Hello readers,
Michael here, and in today’s lesson, we’re gonna try something special! For one, we’re going back to this blog’s statistical roots with a linear regression post; I covered linear regression with R in the way, way back of 2018 (R Lesson 6: Linear Regression) on this blog, so I thought I’d show you how to work the linear regression process in Python. Two, I’m going to try something I don’t normally do, which is predict the future. In this case, the future being the results of the just-beginning 2024-25 NBA season. Why try to predict NBA results you might ask? Well, for one, I wanted to try something new on this blog (hey, gotta keep things fresh six years in), and for two, I enjoy following along with the NBA season. Plus, I enjoyed writing my post on the 2020 NBA playoffs-R Analysis 10: Linear Regression, K-Means Clustering, & the 2020 NBA Playoffs.
Let’s load our data and import our packages!
Before we get started on the analysis, let’s first load our data into our IDE and import all necessary packages:
import pandas as pd
from sklearn.model_selection import train_test_split
from pandas.core.common import random_state
from sklearn.linear_model import LinearRegression
You’re likely quite familiar with pandas but for those of you that don’t know, sklearn is an open-source Python library commonly used for machine learning projects (like the linear regression we’re about to do)!
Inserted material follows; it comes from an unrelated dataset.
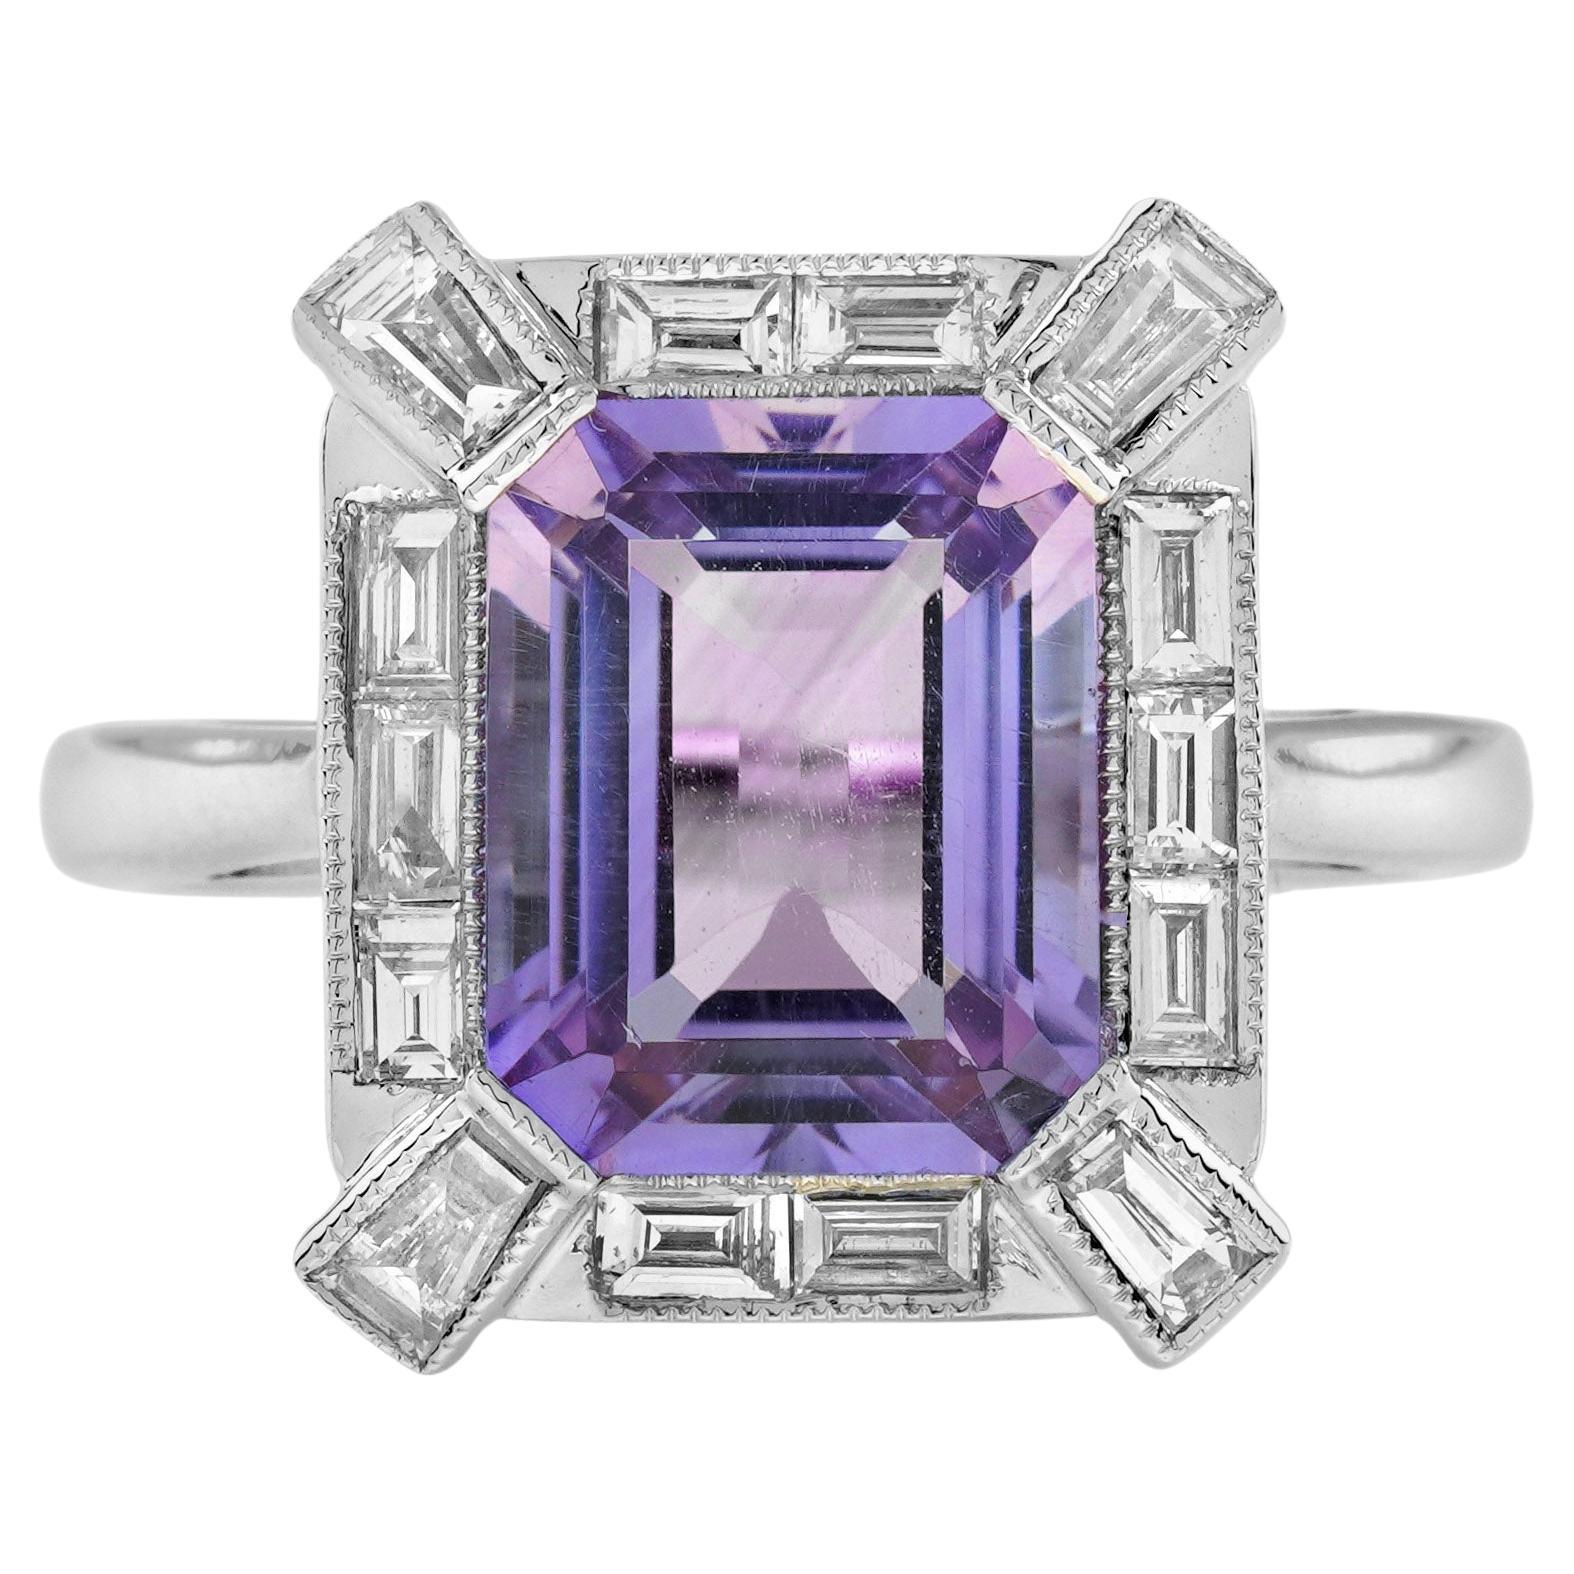 Emerald Cut Pink Amethyst and Diamond Halo Art Deco Style Ring in 14K White Gold

A note about uploading files via Google Colab
Once we import our necessary packages, the next thing we should do is upload the data-frame we’ll be using for this analysis.
This is the file we’ll be using; it contains team statistics such as turnovers (team total) and wins for all 30 NBA teams for the last 10 seasons (2014-15 to 2023-24). The data was retrieved from basketball-reference.com, which is a great place to go if you’re looking for juicy basketball data to analyze. This site comes from https://www.sports-reference.com/, which contains statistics on various sports from NBA to NFL to the other football (soccer for Americans), among other sports.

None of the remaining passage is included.